Getting a "No data nodes with HTTP-enabled available" error when writing from Spark to elasticsearch on Google Dataproc

I'm trying to export data from Spark => elasticsearch cluster running on Google Container Engine (GKE). I've deployed an ES cluster using configs from https://github.com/pires/kubernetes-elasticsearch-cluster/tree/master/stateful that create a couple of each node type: master, client, data.

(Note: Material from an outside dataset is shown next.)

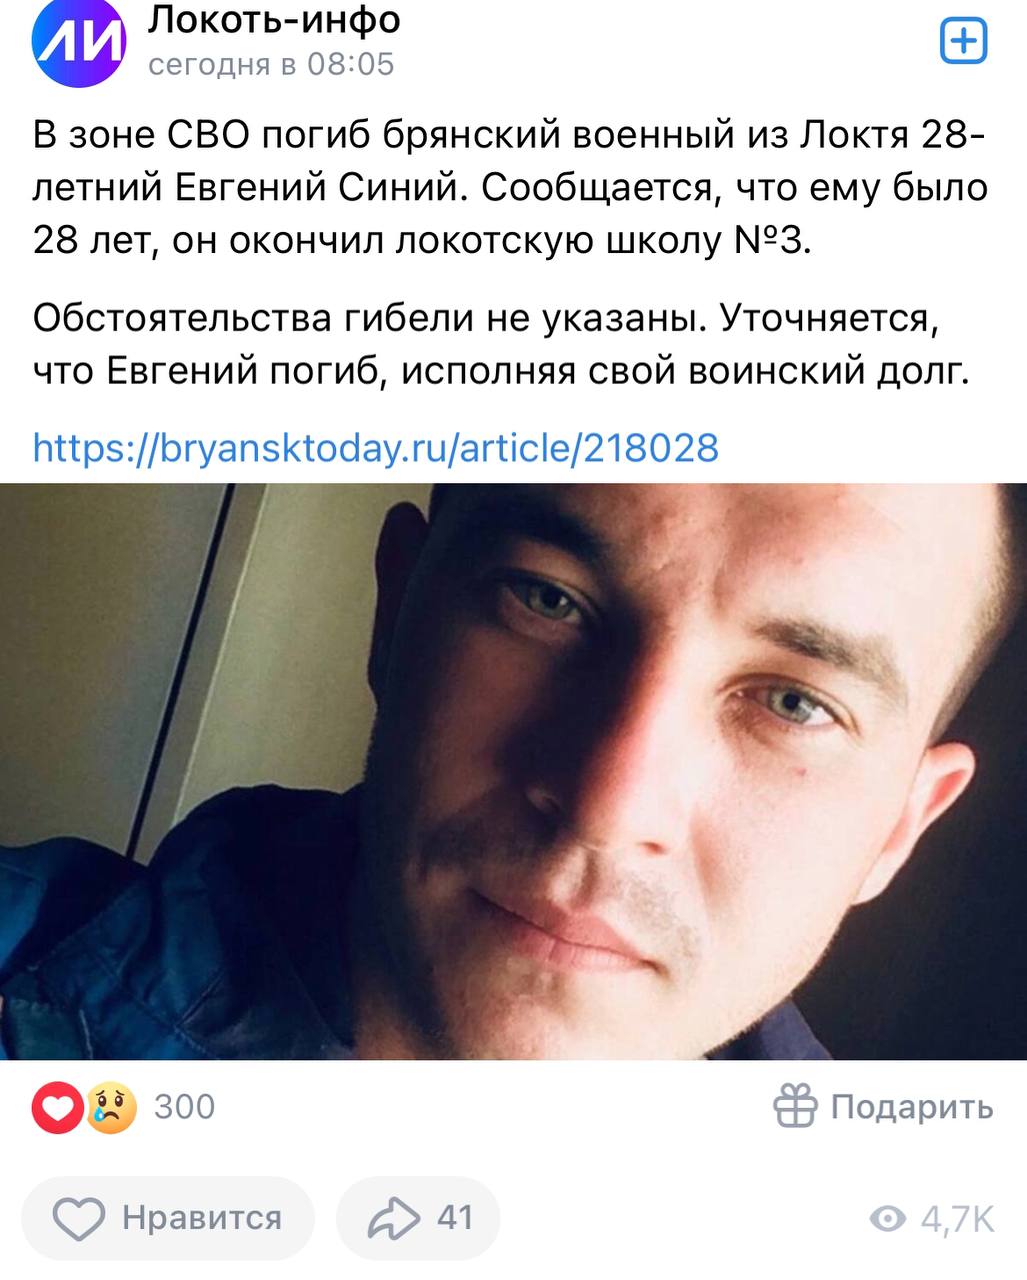 Синий Евгений погиб 28.11.2023 из региона Брянская область, п. Локоть

I'm able to insert data into ES through the Spark connector if I have it connect to one of the Client nodes and set

es.nodes.client.only=true

After reading
https://www.elastic.co/guide/en/elasticsearch/hadoop/master/configuration.html#_network and
https://www.elastic.co/guide/en/elasticsearch/hadoop/master/cloud.html
though, I'd like to have Spark write directly to the data nodes. However, if I switch back to the default es.nodes.client.only=false

I get this error:

	at java.lang.Thread.run(Thread.java:748)org.elasticsearch.hadoop.EsHadoopIllegalArgumentException: No data nodes with HTTP-enabled available
	at org.elasticsearch.hadoop.rest.InitializationUtils.filterNonDataNodesIfNeeded(InitializationUtils.java:157)
	at org.elasticsearch.hadoop.rest.RestService.createWriter(RestService.java:576)
	at org.elasticsearch.spark.rdd.EsRDDWriter.write(EsRDDWriter.scala:58)
	at org.elasticsearch.spark.sql.EsSparkSQL$$anonfun$saveToEs$1.apply(EsSparkSQL.scala:91)
	at org.elasticsearch.spark.sql.EsSparkSQL$$anonfun$saveToEs$1.apply(EsSparkSQL.scala:91)
	at org.apache.spark.scheduler.ResultTask.runTask(ResultTask.scala:70)
	at org.apache.spark.scheduler.Task.run(Task.scala:86)
	at org.apache.spark.executor.Executor$TaskRunner.run(Executor.scala:274)
	at java.util.concurrent.ThreadPoolExecutor.runWorker(ThreadPoolExecutor.java:1142)
	at java.util.concurrent.ThreadPoolExecutor$Worker.run(ThreadPoolExecutor.java:617)
	at java.lang.Thread.run(Thread.java:748)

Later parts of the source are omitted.